Ich denke du musst EJB's verwenden, wenn du Jar-Übergreifend arbeiten willst ... mit CDI wirst du da nix.

Du musst also anstatt @Named .... @Stateless bzw. @Statefull verwenden und anstatt @Inject ... @EJB

Allerdings solltest Du dich dann auch in das Thema EJB's einlesen, falls nicht schon getan.


----------



## Sym (23. Okt 2012)

Eigentlich funktionieren CDIs auch Jar-übergreifend. Ich weiß allerdings nicht, ob das in einem EAR klappt, kenne aber keinen Grund, warum dies nicht funktionieren sollte. Wie sieht denn der Inhalt Deiner beans.xml aus?


----------



## FArt (25. Okt 2012)

JBoss 7 arbeitet sehr modular. Du musst noch Abhängigkeiten zwischen den Modulen (Artefakten, ...) definieren. 
EJBs nur dort verwenden, wo es sinnvoll ist.


----------



## Sym (25. Okt 2012)

Du meinst über die application.xml?

Stimmt, ich könnte mir vorstellen, dass den CDIs aufgrund der unterschiedlichen Classloader nicht in den WARs befunden werden.

Allerdings gibt es auch einem CDI Scanner, den könnte man sicherlich auch nutzen. Aber FArts Weg klingt vernünftig.


----------



## FArt (25. Okt 2012)

Sym hat gesagt.:


> Du meinst über die application.xml?


Nein. Verschiedene Lösungsansätze für verschiedene Belange. Am besten mit Google suchen: JBoss 7 dependencies... mit dem Wissen kommt man schon sehr weit...


----------



## Sym (25. Okt 2012)

Ah alles klar. Ich arbeite nur mit WARs, seit ich CDI einsetze. Aber der TO hat sich länger nicht mehr gemeldet. Vielleicht hat er es alleine hinbekommen oder es ist nicht mehr interessant.


----------



## eagle1985 (15. Nov 2012)

Hallo zusammen

danke an alle für die Hilfe.
War leider lengers nicht mehr im Forum online, deshalb habe ich eure Antworten erst heute gelseen...

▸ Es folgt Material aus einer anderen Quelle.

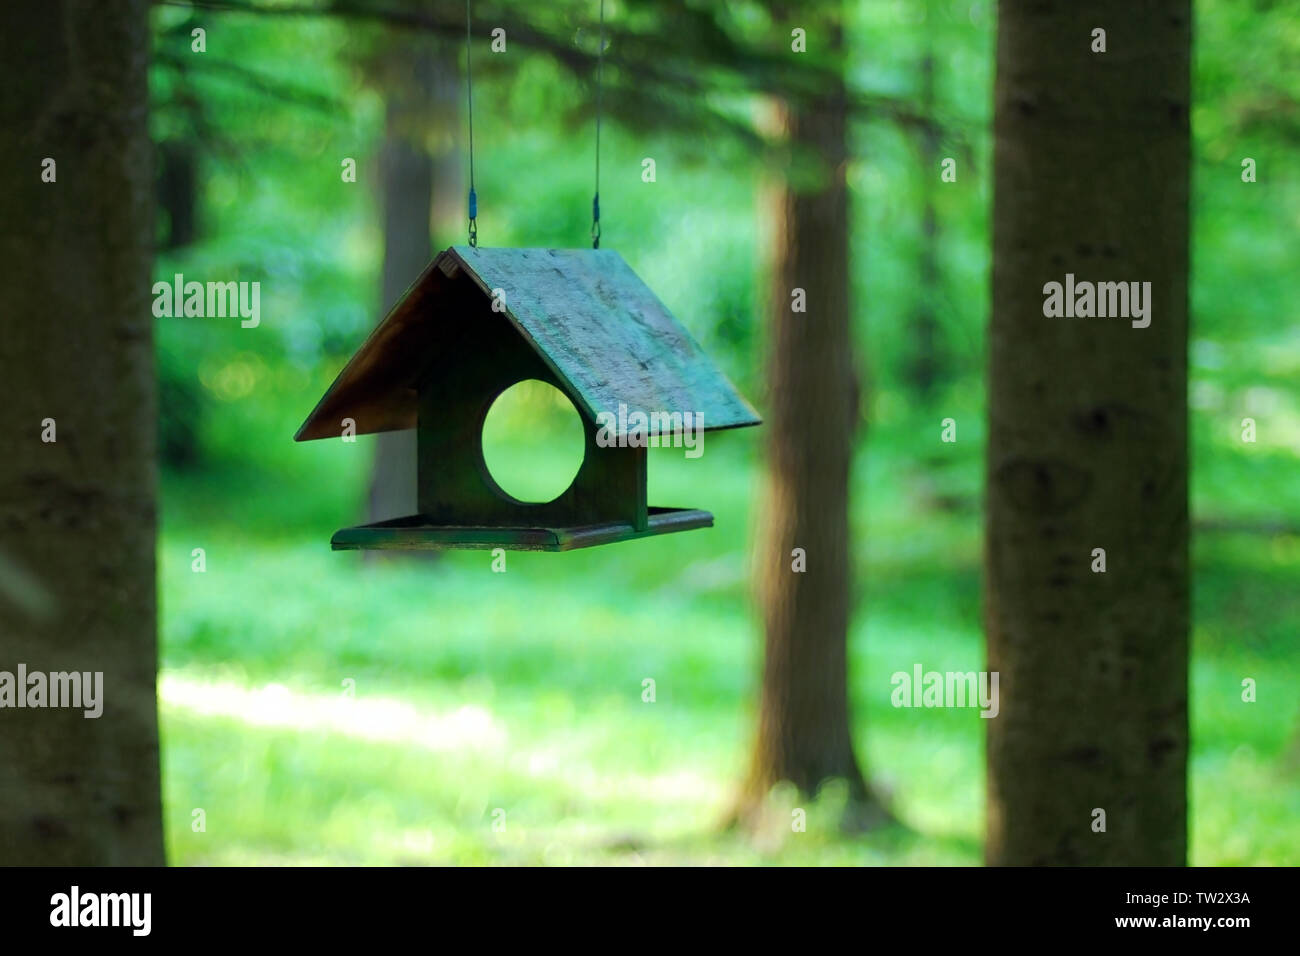 Green bird feeder hanging in shade of trees on blurred green summer forest background Stock Photo

Habs irgendwann selber hingekriegt, war ein Problem mit den Dependencies...


----------



## FArt (15. Nov 2012)

eagle1985 hat gesagt.:


> Habs irgendwann selber hingekriegt, war ein Problem mit den Dependencies...



Beschreibe doch noch kurz deine Lösung bzw. verlinke den Teil auf die Doku, damit auch jemand was davon hat, der diesen Thread über die Suche findet, weil er auch so ein Problem hat.


----------